# Beer/Wine Soaps



## [email protected] (Sep 18, 2008)

Just wondering how you market these? When someone asks what the benefits are?

I've been wanting to do some wine soap like Lynn did. I did a 'sort of' wine soap the other day. Rebatched using wine as the added liquid to melt.

Some people use stale beer as a hair rinse...so I'm thinking shampoo bar maybe? Any other saleable suggestions?


----------



## Aja-Sammati (Oct 26, 2007)

If I ever make mine it will be for the vineyards in my town, kind of like Lynn. There are 7 vineyards in my little mountain town...4 have tasting rooms with sale items.


----------



## MF-Alpines (Mar 29, 2010)

I was wondering the same thing, Denise, thus I don't make it.

Maybe as just a novelty?


----------



## [email protected] (Sep 18, 2008)

Aja-Sammati said:


> If I ever make mine it will be for the vineyards in my town, kind of like Lynn. There are 7 vineyards in my little mountain town...4 have tasting rooms with sale items.

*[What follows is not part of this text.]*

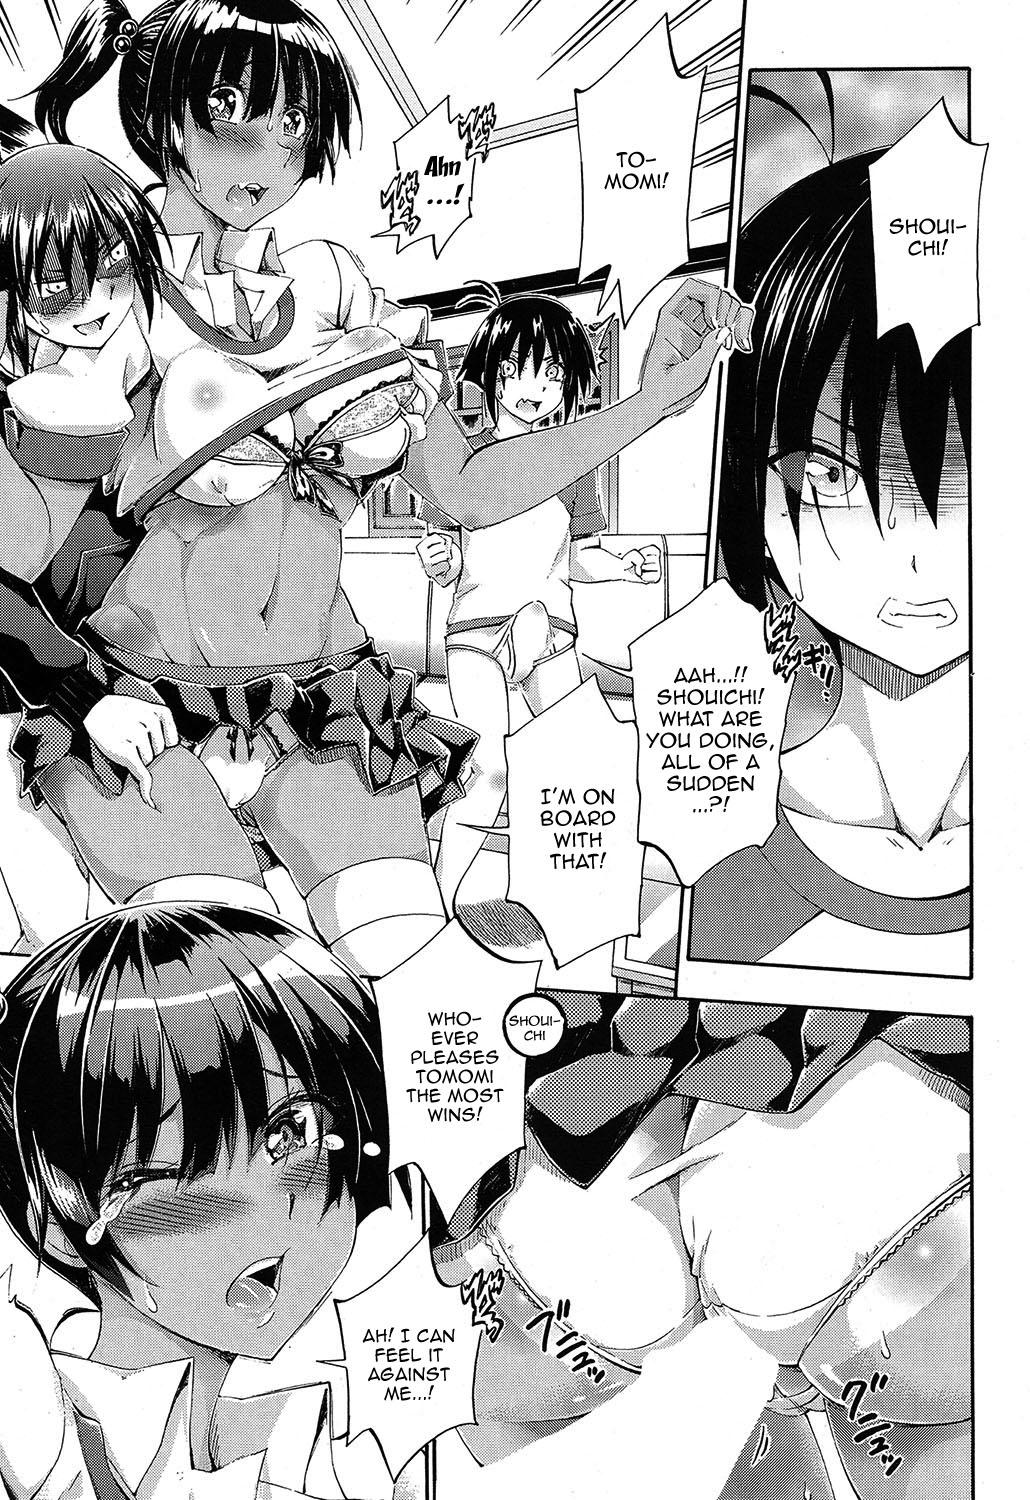 Mulata Doppel wa Onee-chan to H Shitai! Ch. 4 | My Doppelganger Wants To Have Sex With My Older Sister Ch. 4 Pendeja - Page 5

Yes, I've thought of that too. But I'd think even the wineries would ask: Why? Why put wine in a soap? What will it do for/to my skin? What are the benefits? I mean--they'd have to market it too, but wouldn't they ask those questions of the soapmaker? I'm just thinking of questions that customers may ask...cuz they're ones that I would. ???


----------



## NubianSoaps.com (Oct 26, 2007)

Why do we do anything in soap but make unscented, because it hooks them. Wine soaps sell really well around the holidays, beer soaps are super popular for Fathers Day...what gets somebody to pick up a bar of soap of yours, the color, the name, the scent? I can totally see how adding a wine name to your line would spur high end sales. Vicki


----------



## LynninTX (Oct 25, 2007)

If you do a google search too on wine soap you'll get some ideas on what some soapers are saying... 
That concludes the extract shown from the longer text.